ERP Supports Business Growth Strategies
When developing a growth strategy for your company, begin by examining the various generic strategies that applied to most businesses, regardless of type. From there, you can focus on those strategies that contain aspects that benefit your specific needs, allowing you to create the perfect plan for your company.
Market penetration is a common business growth strategy. Using the market penetration strategy, a company markets an existing product (within the same market) with the goal of increasing the company’s market share. (Market share is the percentage of both unit and overall dollar sales a company has within a specific market compared to all other competitors in that market.)
The most obvious way for a business to increase its market share is to lower its prices, but simply lowering prices may send a message of lower-quality products. ERP software offers several options to help with pricing and increase your market share, including rule-based pricing, which helps you understand the current patterns and trends of the industry, customers, and competitors before making any changes.
Expanding to New Markets
Another common business growth strategy is to expand to new markets. Market expansion—also referred to as market development—entails businesses taking their current products into a new market.
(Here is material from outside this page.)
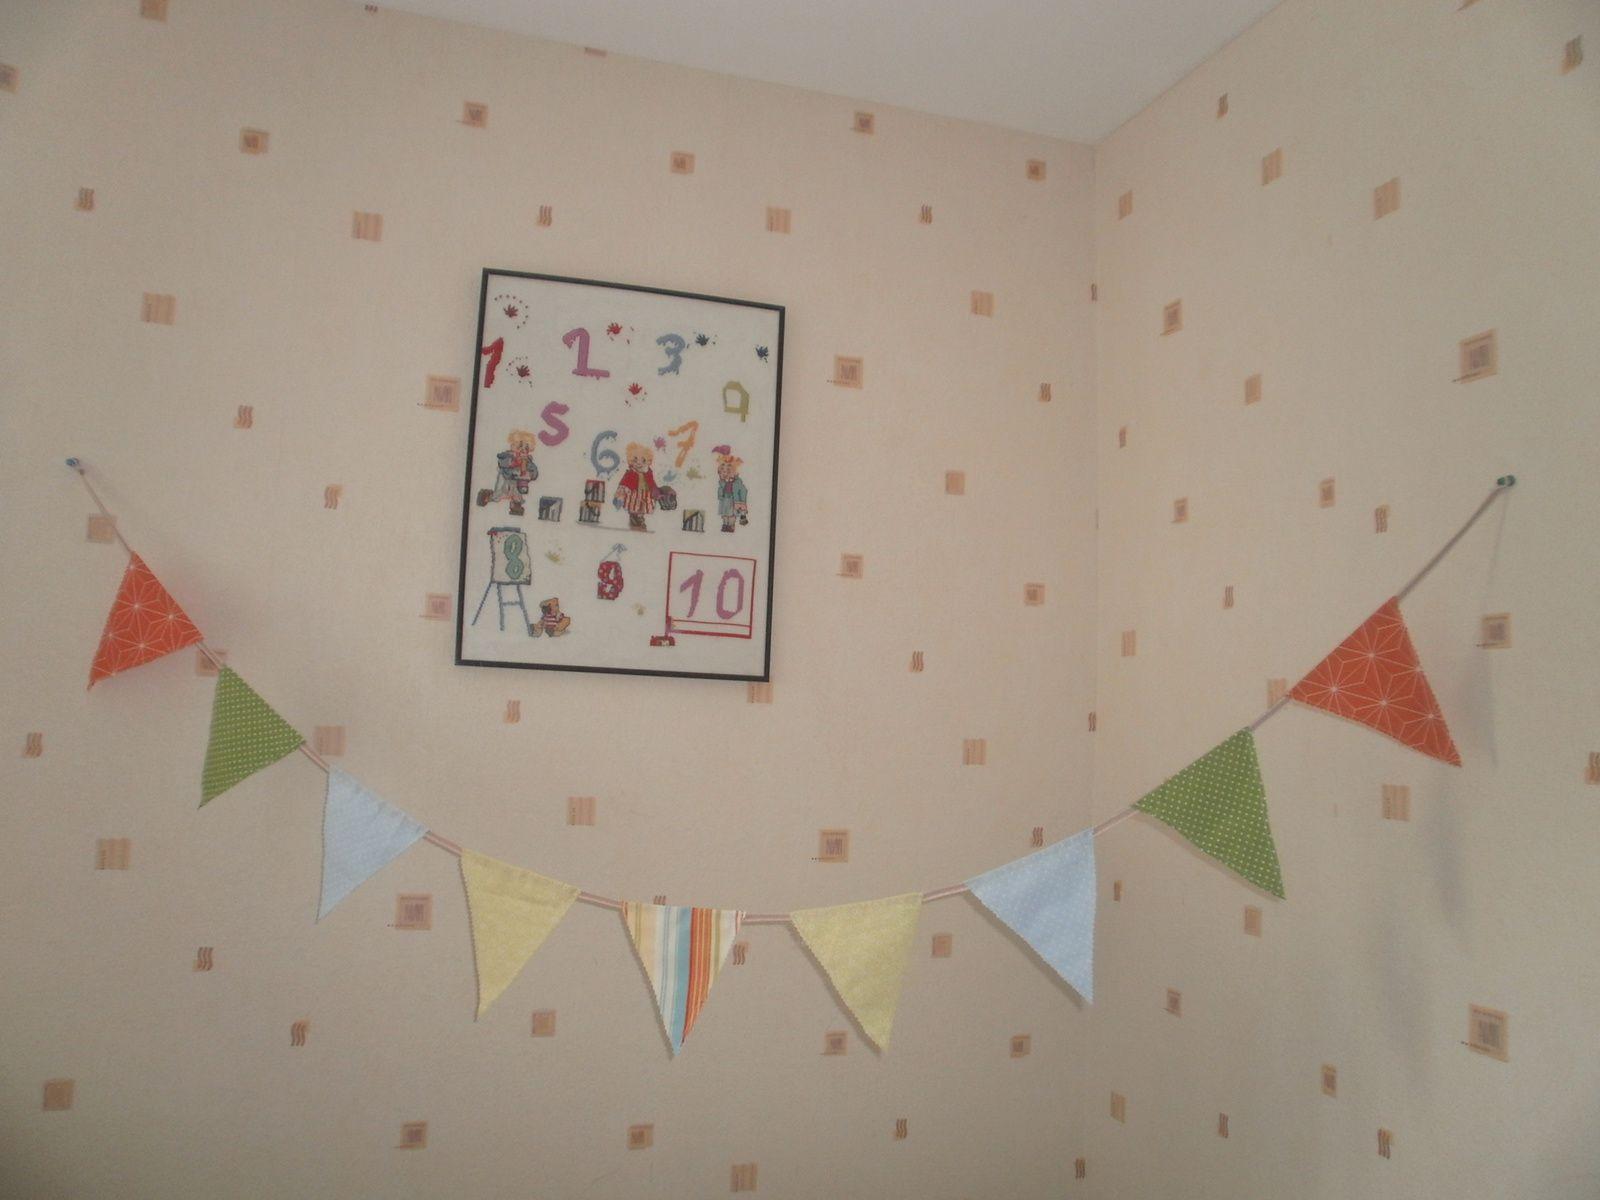 Voici la guirlande  dans la chambre de mon futur bébé
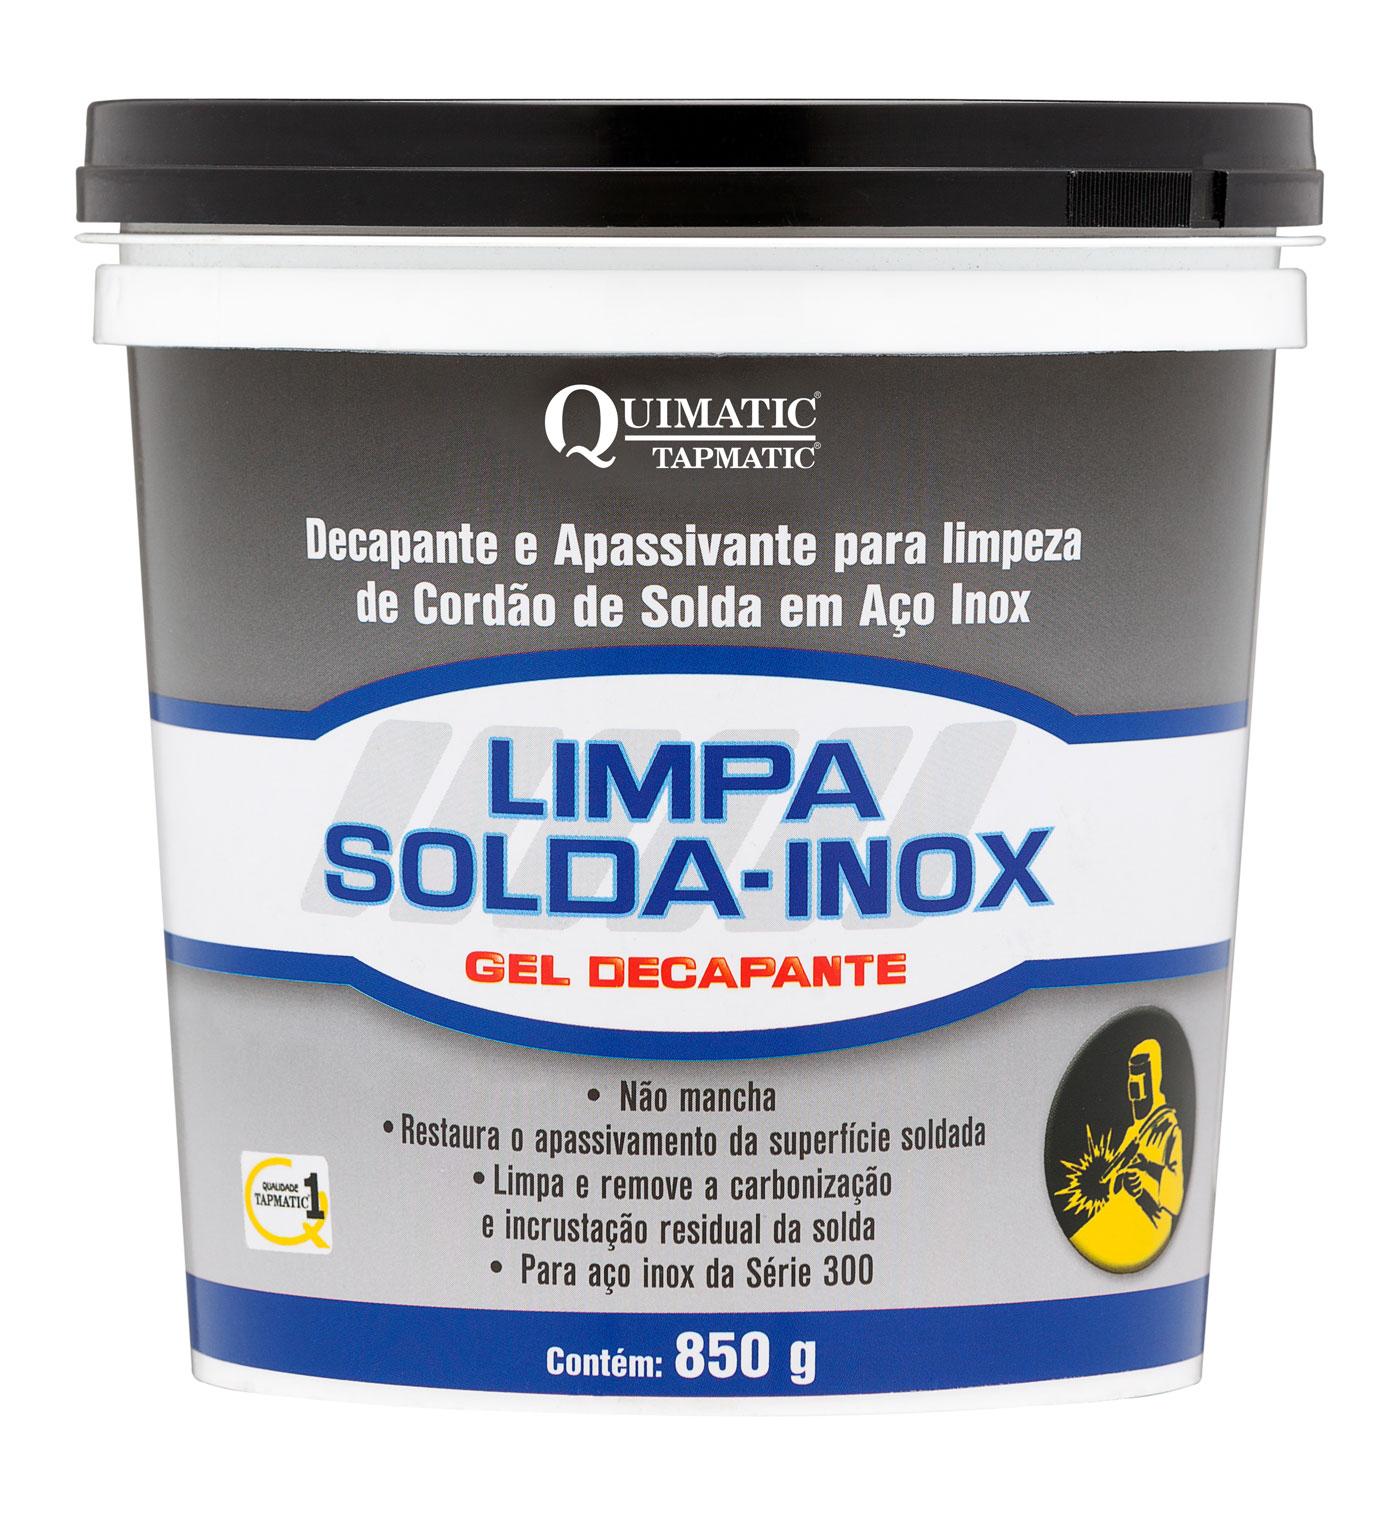 Limpa Solda Inox 850g

Targeting new markets begins by identifying the intended customer base, market, or locations. Effective ideas for marketing expansion include franchising, creating an online venue, and international sales. In addition, a company can use a market expansion or development strategy to find new markets for its products by finding or inventing new uses for them. ERP software has various tools to help businesses with their marketing expansion strategy, such as data collection, marketing reports, and sales reports.
Product Diversification and Expansion
Product diversification allows companies to broaden their product lines and offer more products to their customers. By increasing the number of products a company offers for sale, the company ultimately increases its sales. Offering new features to existing products also aids sales.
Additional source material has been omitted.